→ **WORK REQUEST**
Please write out all the data that follows exactly, without the pictures.

→ **AVAILABLE DATA**
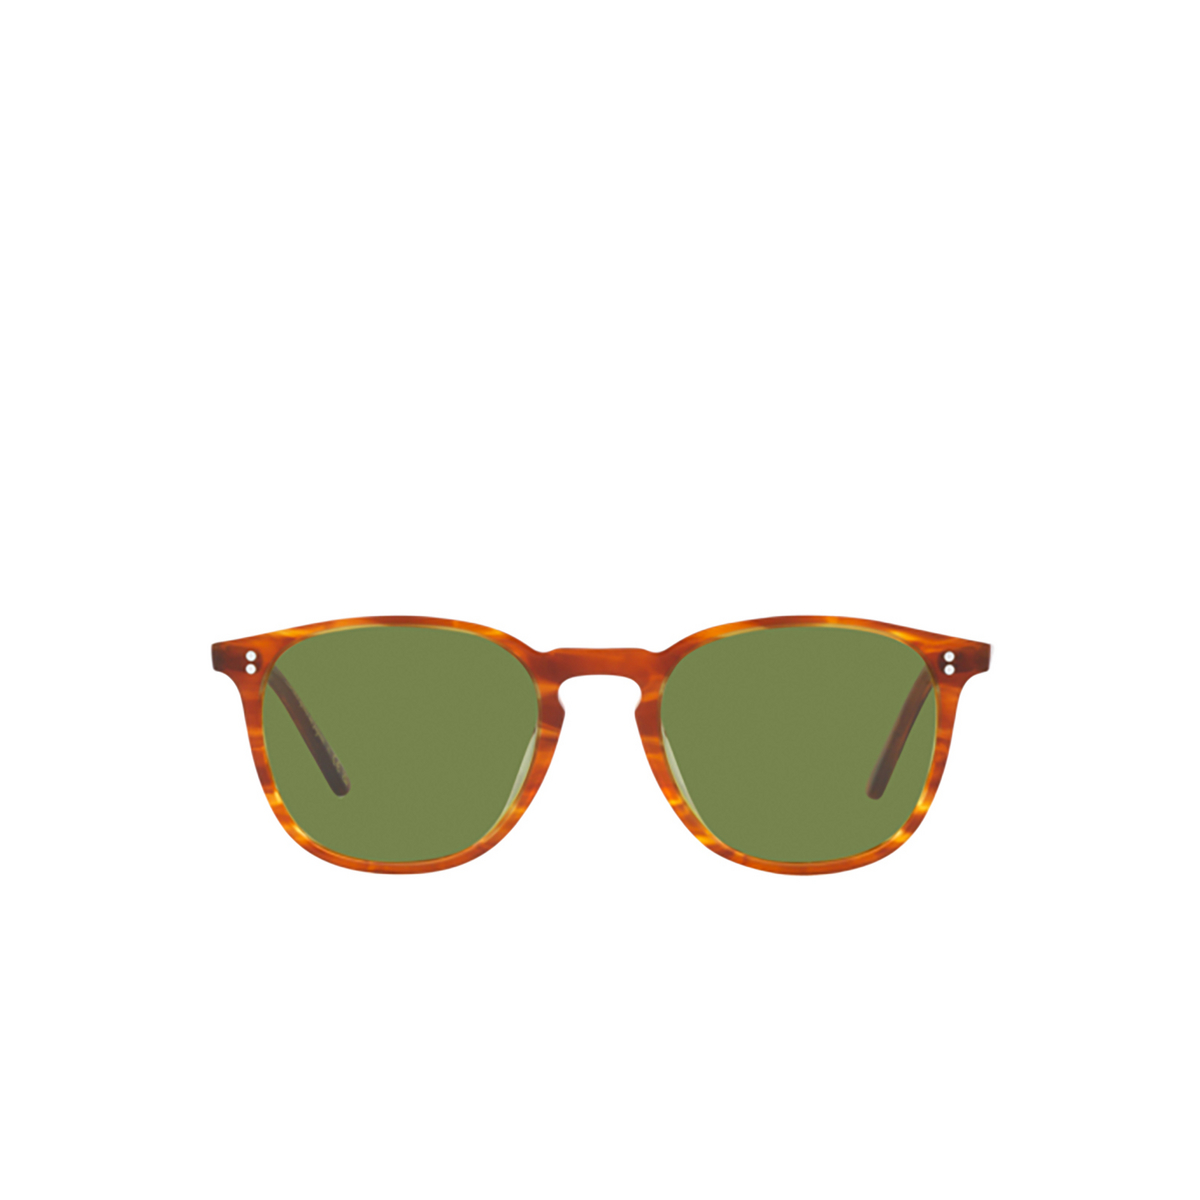 Oliver Peoples FINLEY 1993 Sunglasses 174252 Sugi Tortoise - front view
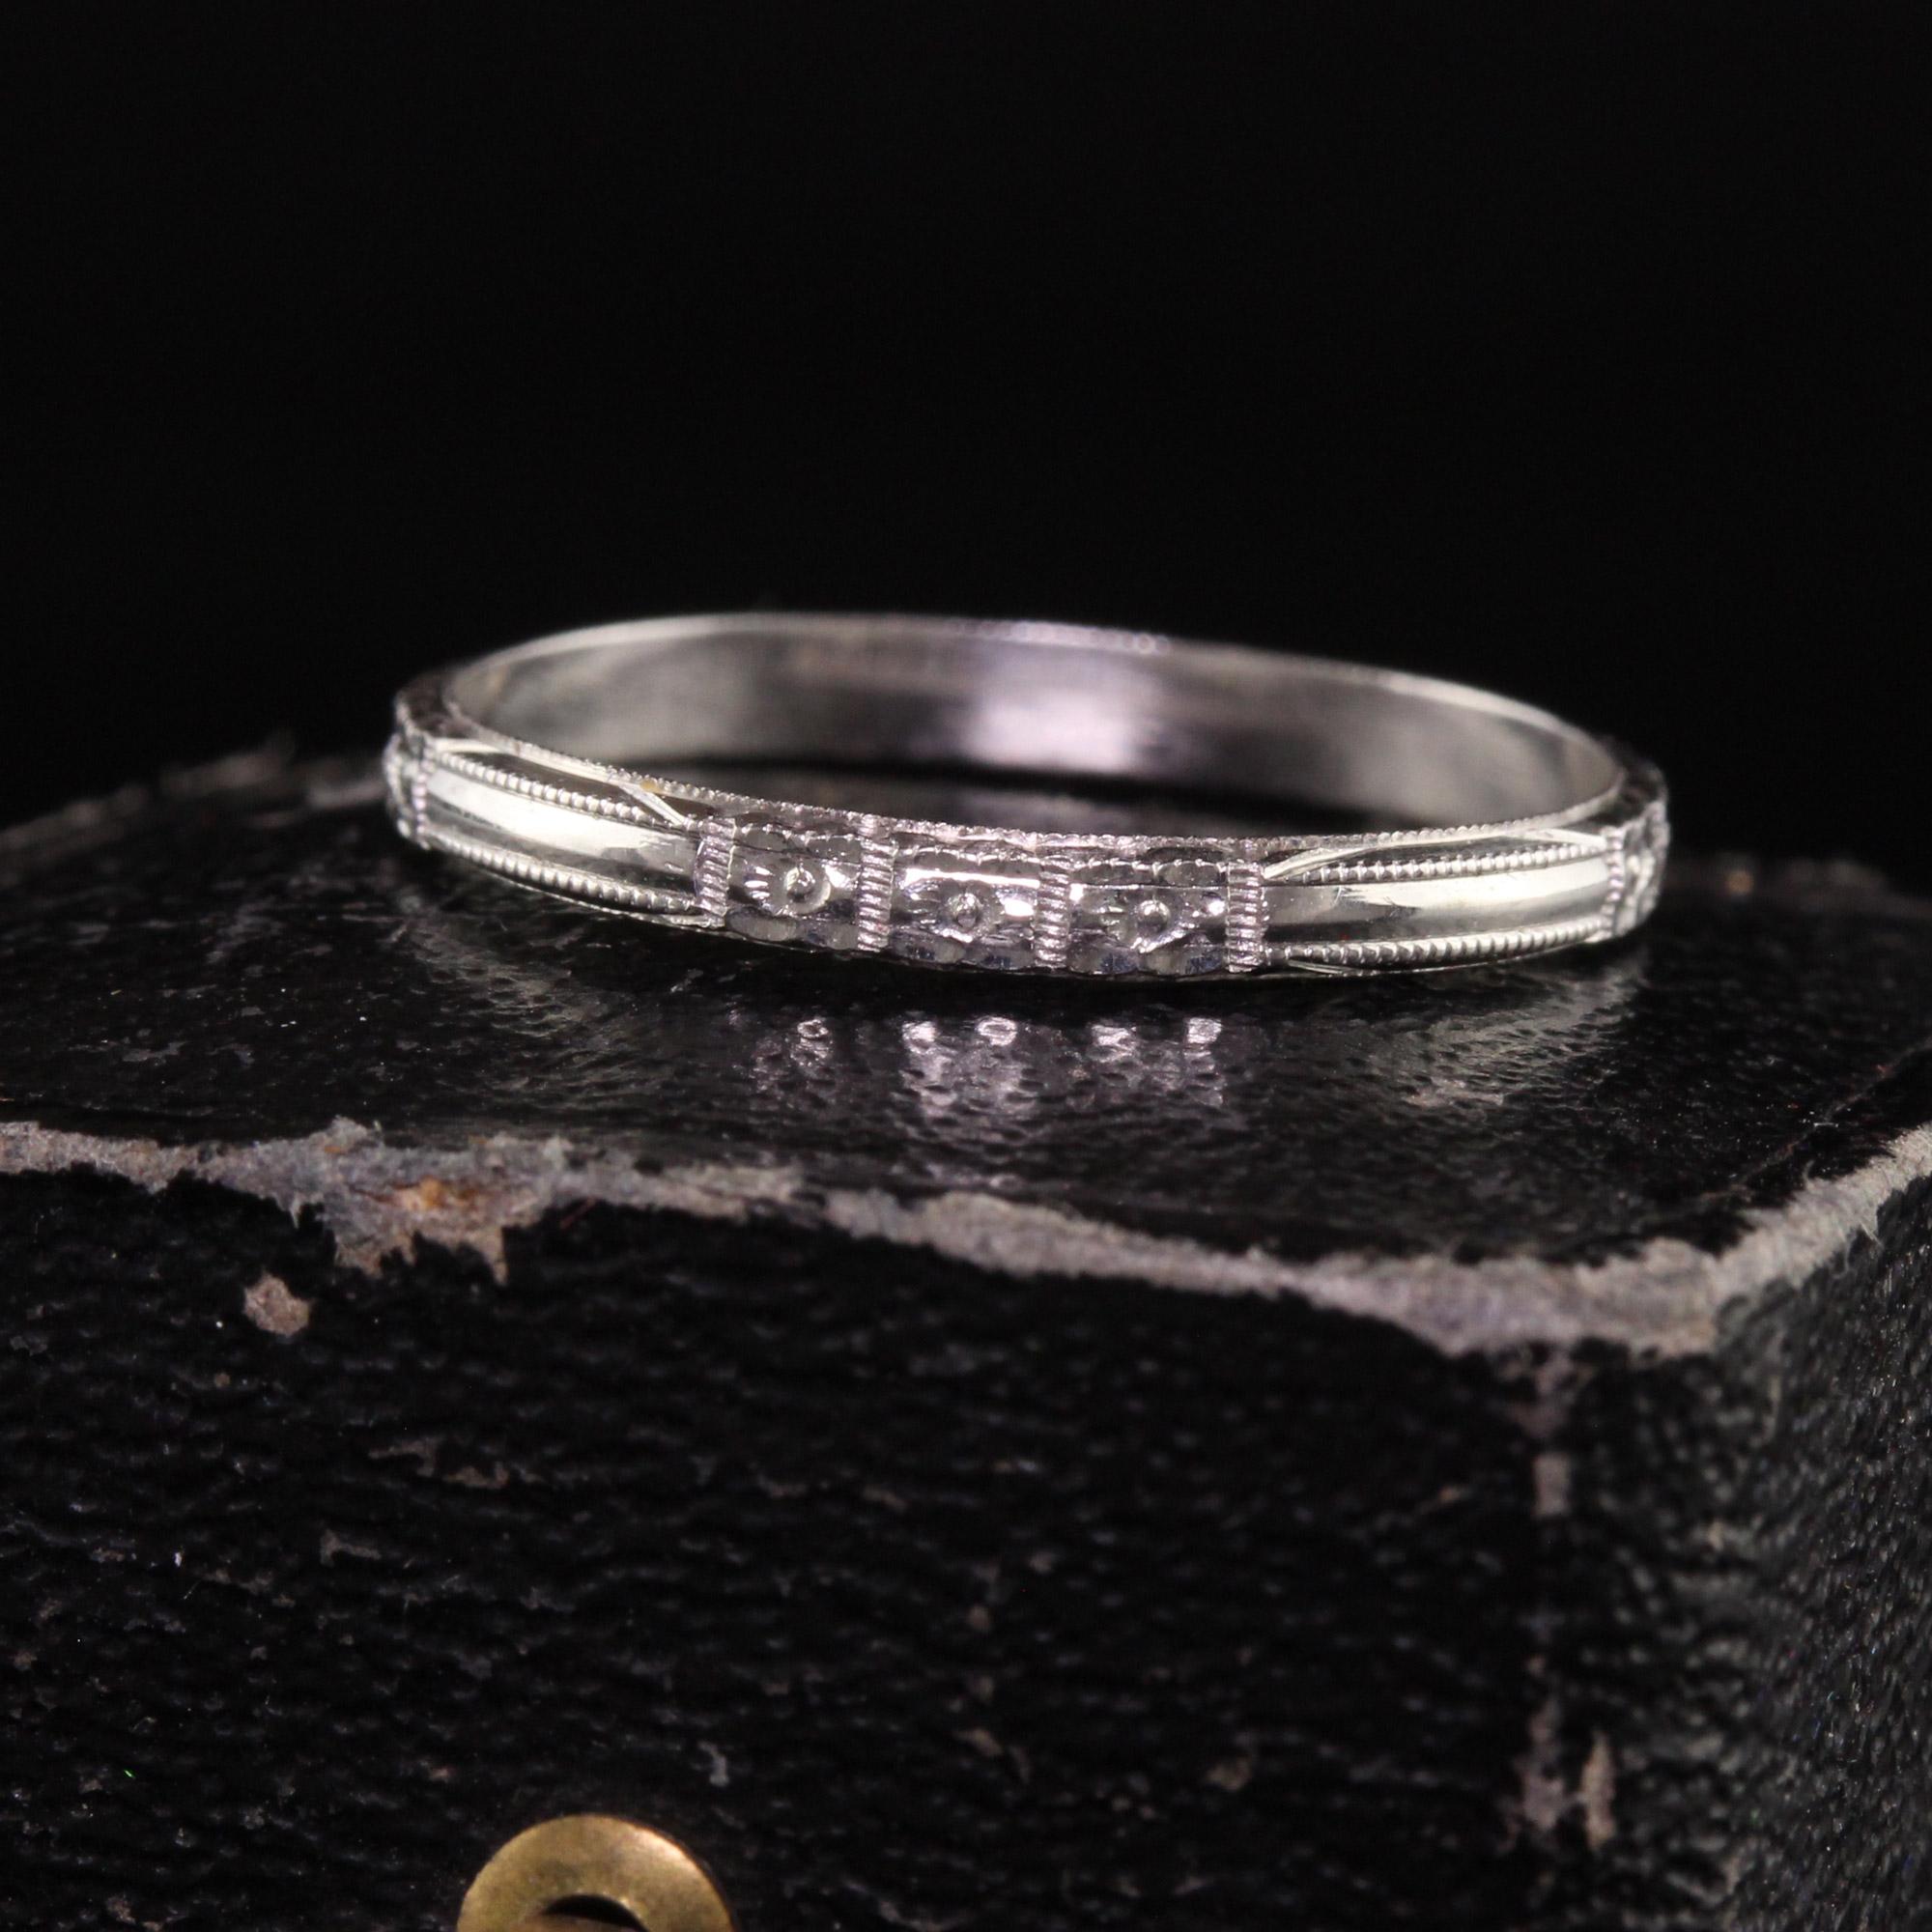 Beautiful Antique Art Deco 18K White Gold Blossom Engraved Wedding Band. This gorgeous band is crafted in 18K white gold. The ring is incredible condition and like new. The band has engravings on both the top and sides and looks amazing.

Item

→ **RESULT OF THIS TASK**
 Oliver Peoples FINLEY 1993 Sunglasses 174252 Sugi Tortoise - front view
 Beautiful Antique Art Deco 18K White Gold Blossom Engraved Wedding Band. This gorgeous band is crafted in 18K white gold. The ring is incredible condition and like new. The band has engravings on both the top and sides and looks amazing.

Item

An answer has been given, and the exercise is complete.